1. ## Volume of revolution problem

Hi everyone, I have the following problem: What is the solid formed by rotating the region bounded by y=ln(x+1),x=0,y=2 around the y axis? The answer would be its pi/2(e^4-4e^2+7). How would one solve this problem? Would one find the intersection of y=2 and y=ln(x+1) which i got to be ((e^2)-1,ln(e^2)) and then take the integral of ln(x+1) from o to (e^2)-1 away from the area under y=2 from o to (e^2)-1 to get formula the cross section and then to find the volume integrate the formula for the cross section squared (radius) from y=0 to 2 and then times by pi?

Is this correct?

Thanks

2. ## Re: Volume of revolution problem

First of all, surely you can simplify \displaystyle \begin{align*} \ln{\left( e^2 \right)} \end{align*}...

3. ## Re: Volume of revolution problem

So my point of intersection is ((e^2)-1,2) but is the process correct?

Thanks for the reply

4. ## Re: Volume of revolution problem

First, graph the region to be revolved:

Next, compute the volume of an arbitrary disk:

$dV=\pi r^2\,dy$

$r=x=e^y-1$

Hence:

$dV=\pi (e^y-1)^2\,dy$

Finally sum up the disks by integrating:

$V=\pi\int_0^2(e^y-1)^2\,dy$

5. ## Re: Volume of revolution problem

How did you get the radius = e^y-1?

6. ## Re: Volume of revolution problem

Because the function is \displaystyle \begin{align*} y = \ln{(x + 1)} \end{align*} and the radius of your solid is given by how far horizonally you extend, so \displaystyle \begin{align*} x \end{align*}. Surely you can see that if \displaystyle \begin{align*} y = \ln{(x + 1)} \end{align*} then \displaystyle \begin{align*} x = e^y - 1 \end{align*}...

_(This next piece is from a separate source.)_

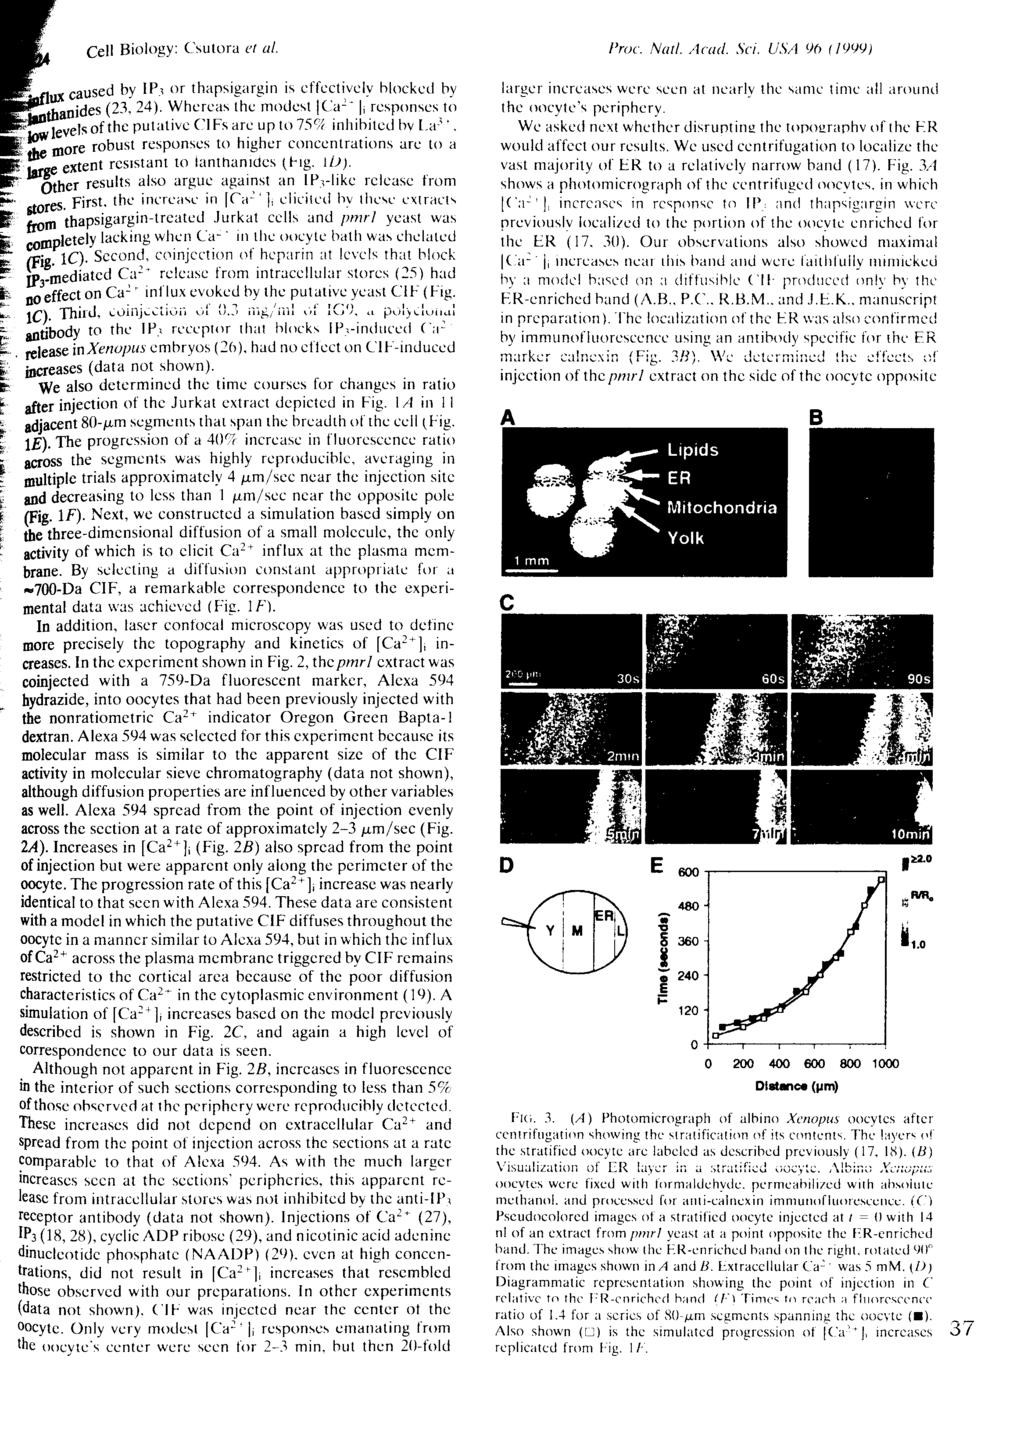 Proc. Natl. Acad. Sci. USA 90 (1999) pj^hanides (23. 24).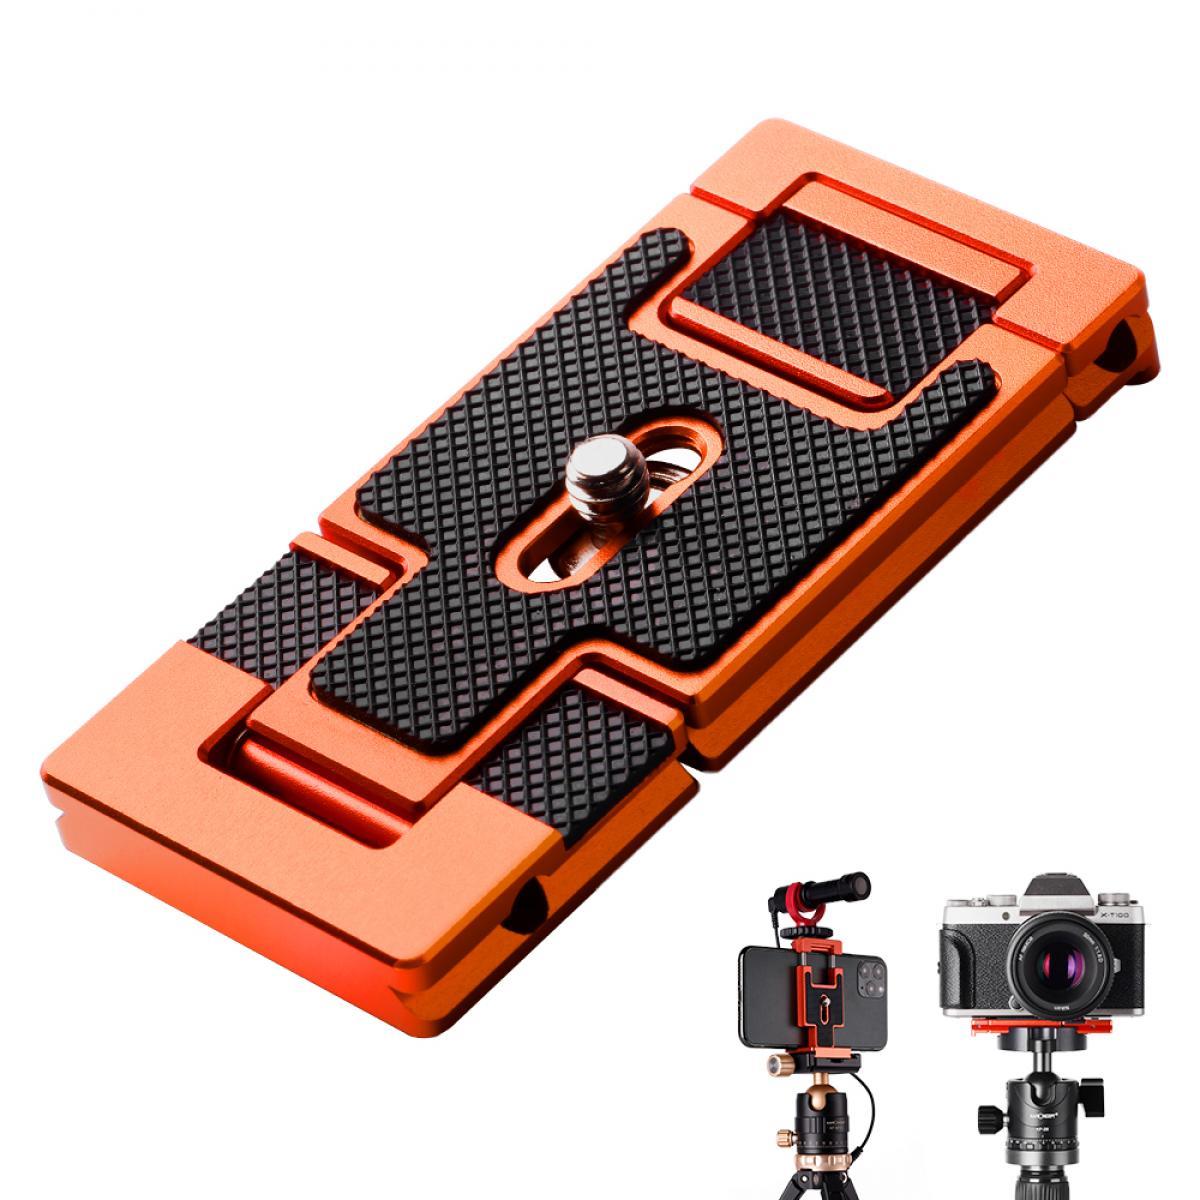 KF Concept 2-в-1 Arca Swiss QR Plate для камеры и смартфона, оранжевый

7. ## Re: Volume of revolution problem

Im sorry i cannot see that could you please explain? You extend to the x coordinate of intersection dont you which is (e^2)-1.

8. ## Re: Volume of revolution problem

No, for an arbitrary disk, the radius is found by extending from the y-axis to the x-coordinate on the logarithmic curve.

Look at the graph I provided and picture an arbitrary horizontal line in the shaded area serving as the radius of some disk.